There is no magic formula, set template or proven algorithm for the creation of a powerful packaging design. Fortunately so, we say, or else the world would be a boring place. However, with this guideline, we aim to come as close as possible to offering such a recipe for success.

Now that your packaging design has grabbed the consumer’s attention, its next job is to communicate.

What does it need to communicate? Simple: tell the consumer what your product is and why they should buy it. That’s it. Two questions only that your product packaging design has to answer.

Below, we’ve pulled together a list of all the ‘ingredients’ needed to answer these two questions.

The necessary ingredients

The necessary recipe ingredients for a successful packaging design

  • Category or product type
  • Brand
  • Variant: for products which offer more than one option
  • Functional benefit(s): what the product does
  • Reason(s)-to-believe: why the consumer should find the claimed functional benefits credible
  • Emotive end-promise: how the functional benefit fulfills a higher need
  • Call-to-action: why the consumer should buy it now
  • Size, weight, content details, etc.: practical information the consumer needs to know

 

How many of these ingredients have you included in your design? Probably not all of them. In fact, in our packaging design testing practice, we rarely see a product packaging that contains the full list of recipe ingredients. We have, however, noticed that designs which feature more of these ingredients tend to perform better.

Visualizing the end-promise

We have seen a trend over the past years towards simplifying the ‘recipe’. For example, some product packaging designs communicate the promise, but not the benefit or reason-to-believe. The risk with such a minimalist design approach is that the more elements you leave out, the less likely consumers are to ‘get it’.

Minimalist design is great for the iPhone or speaker sets, but we find that packaged goods with a minimalistic design often struggle to effectively communicate to mass audiences.

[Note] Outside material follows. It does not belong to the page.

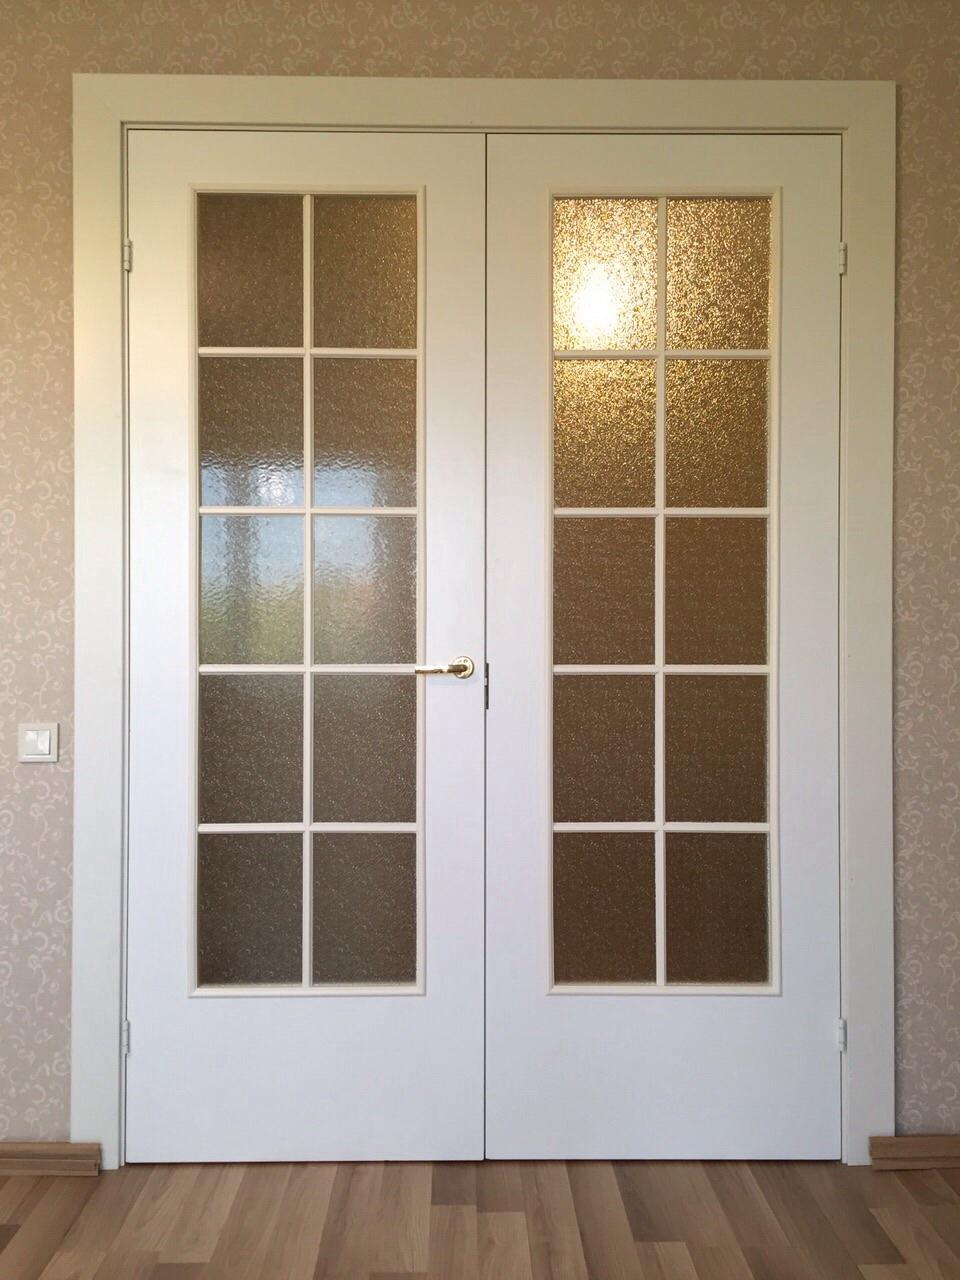 rvkoks_vnutrennie_dveri_8.jpg

They more typically appeal to a niche audience and/or premium segments.

The power of visualizing the end-promise

We’ve also noticed the benefit of illustrating the end-promise on the packaging. From shampoos promising beauty from shiny hair and skincare products offering eternal youth from radiant skin, to meal kits promising home bliss from a tasty homecooked meal, consumers are more easily persuaded by visual interpretations. Pictures, sketches, or structural shapes and lines offer powerful suggestion and emotional resonance.

Congruent package examples

Packaging image source: brainjuice.me; thedieline.com

The effective rendering of an emotional end-promise is a particular challenge for the newly emerging class of functional foods. Brain Juice is an example of food packaging that has done this well, by featuring an image of a brain that shines like a lightbulb.

On the other hand, the Maca Sutra product packaging has missed the opportunity to offer a visual interpretation of the powerful promise of sexual health in its design – or perhaps subtlety is what they were going for in this case.

End-promise background

#5 Follow the recipe for a logical flow

We’ve now established that a packaging design, once it has been noticed, needs to answer two key questions: what is the product? And why should consumers buy it? We then introduced the notion of ‘recipe ingredients’ which answer these questions.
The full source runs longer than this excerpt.